AMMAN, Jordan -- A radical Muslim preacher described as a key al-Qaida operative in Europe rejected terrorism charges yesterday linked to alleged plots targeting Americans and Israelis in Jordan, his lawyer said, hours after Britain deported him to bring an end to a decadelong legal saga over his extradition.
Jordan first submitted an extradition request to U.K. authorities for the militant cleric known as Abu Qatada in 2001, but it was blocked in British and European courts over human rights concerns. Last month, Britain and Jordan ratified a treaty on torture aimed at easing those worries, paving the way for the 53-year-old preacher's deportation.
Abu Qatada arrived at Amman's civilian airport yesterday on board a British aircraft and was immediately whisked away by heavily armed anti-terrorism police for questioning at a nearby courthouse.
Police sealed off the area as the convoy drove against traffic to the court building, just across the street from the airport. Armed policemen kept a crush of journalists at bay.
After nearly two hours of questioning, Jordanian prosecutors charged Abu Qatada with conspiring to carry out terror attacks in Jordan twice -- once in 1999 for a foiled plot against the American school in Amman and another time in 2000 for allegedly targeting Israeli and American tourists and Western diplomats during New Year's celebrations.

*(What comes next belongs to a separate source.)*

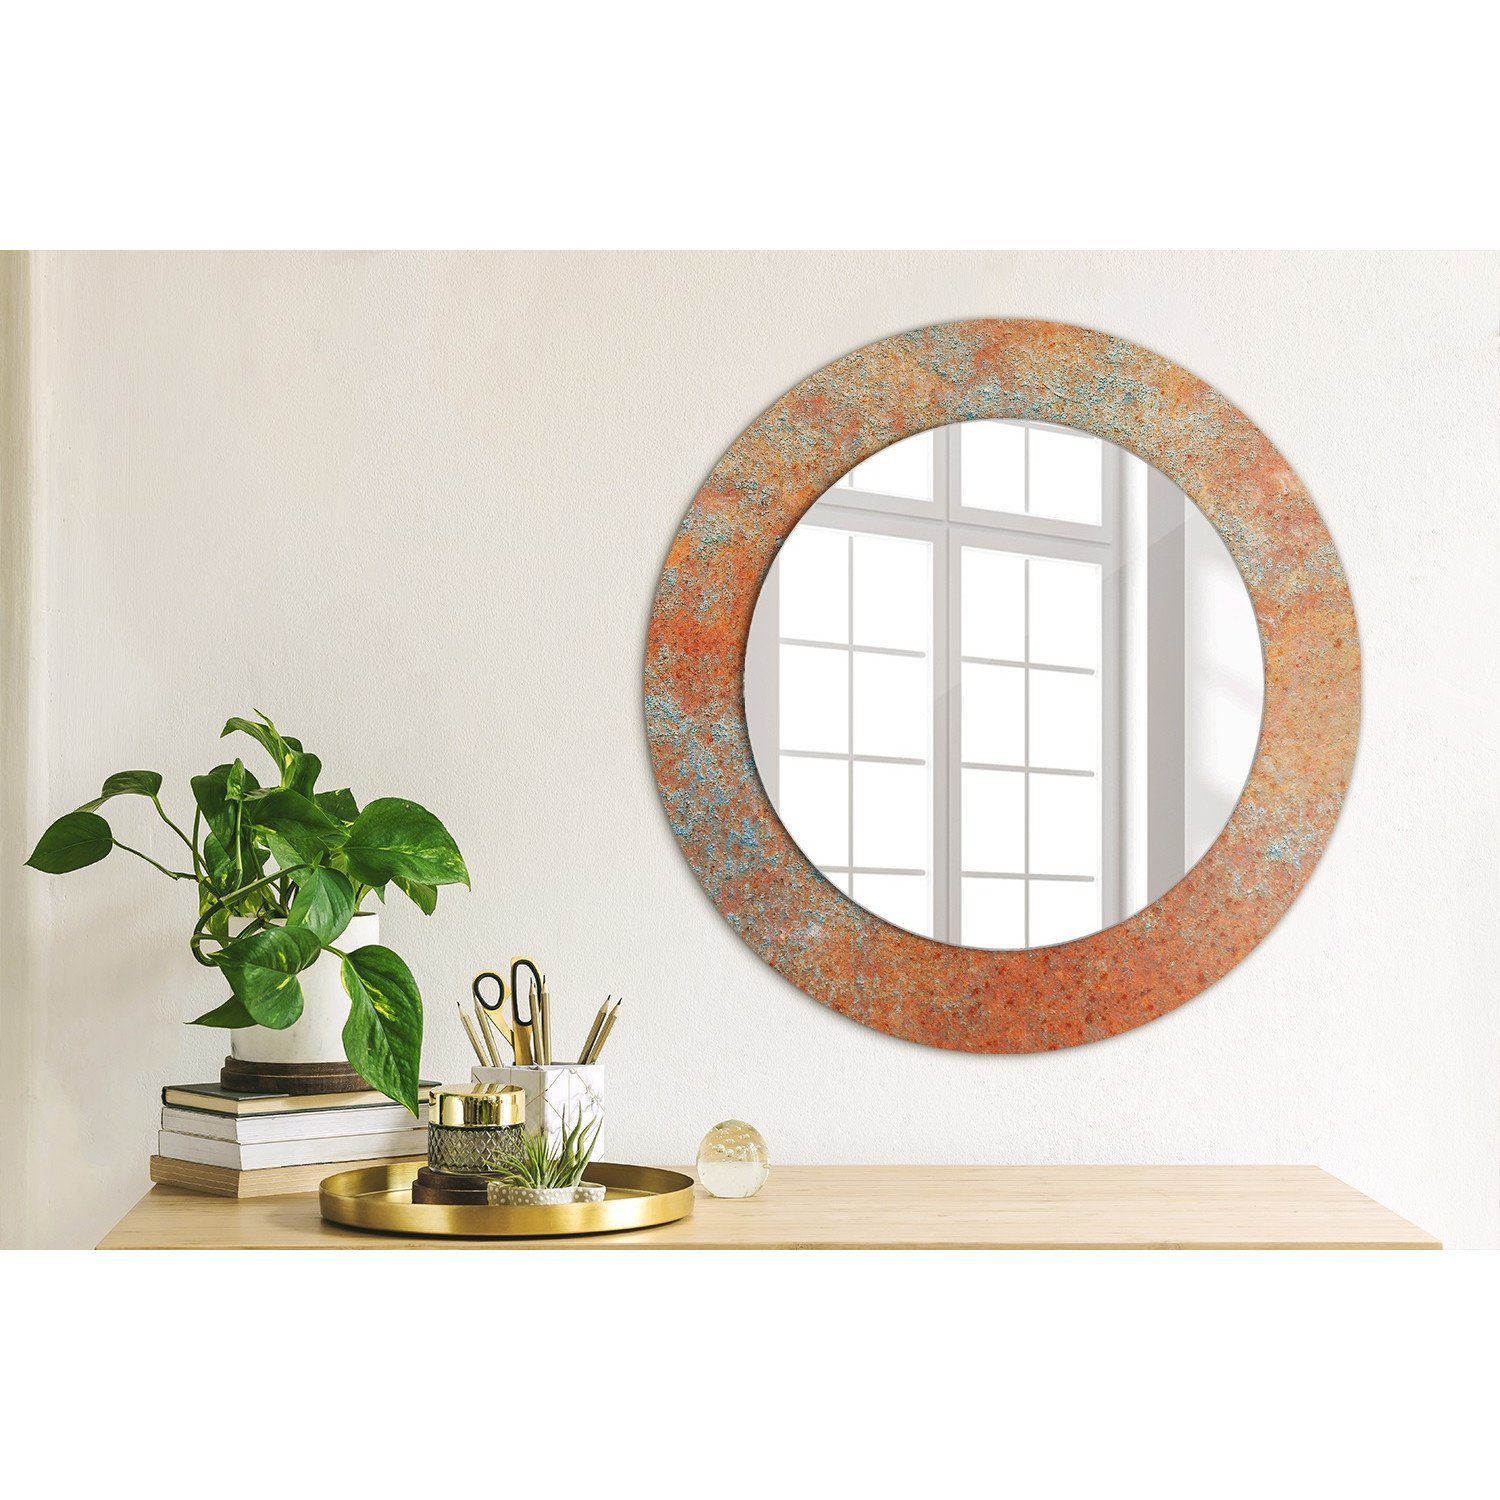 Rostig Rund: Spiegel Modern mit Wandmontage Wandspiegel Tulup Metall Spiegel Aufdruck Ø50cm

In both cases, Abu Qatada was convicted in absentia years ago and sentenced to life in prison. With his return, those sentences have been suspended and he will receive a new trial.
Abu Qatada's lawyer, Tayseer Thiab, said his client "told military prosecutors that he is not guilty of terrorism and rejected the charges against him."
Jordanian authorities ordered Abu Qatada held for 15 days pending further questioning, according to one of the prosecutors.
He said the cleric will be held at Muwaqar I, a prison in Amman's southeastern industrial suburb of Sahab.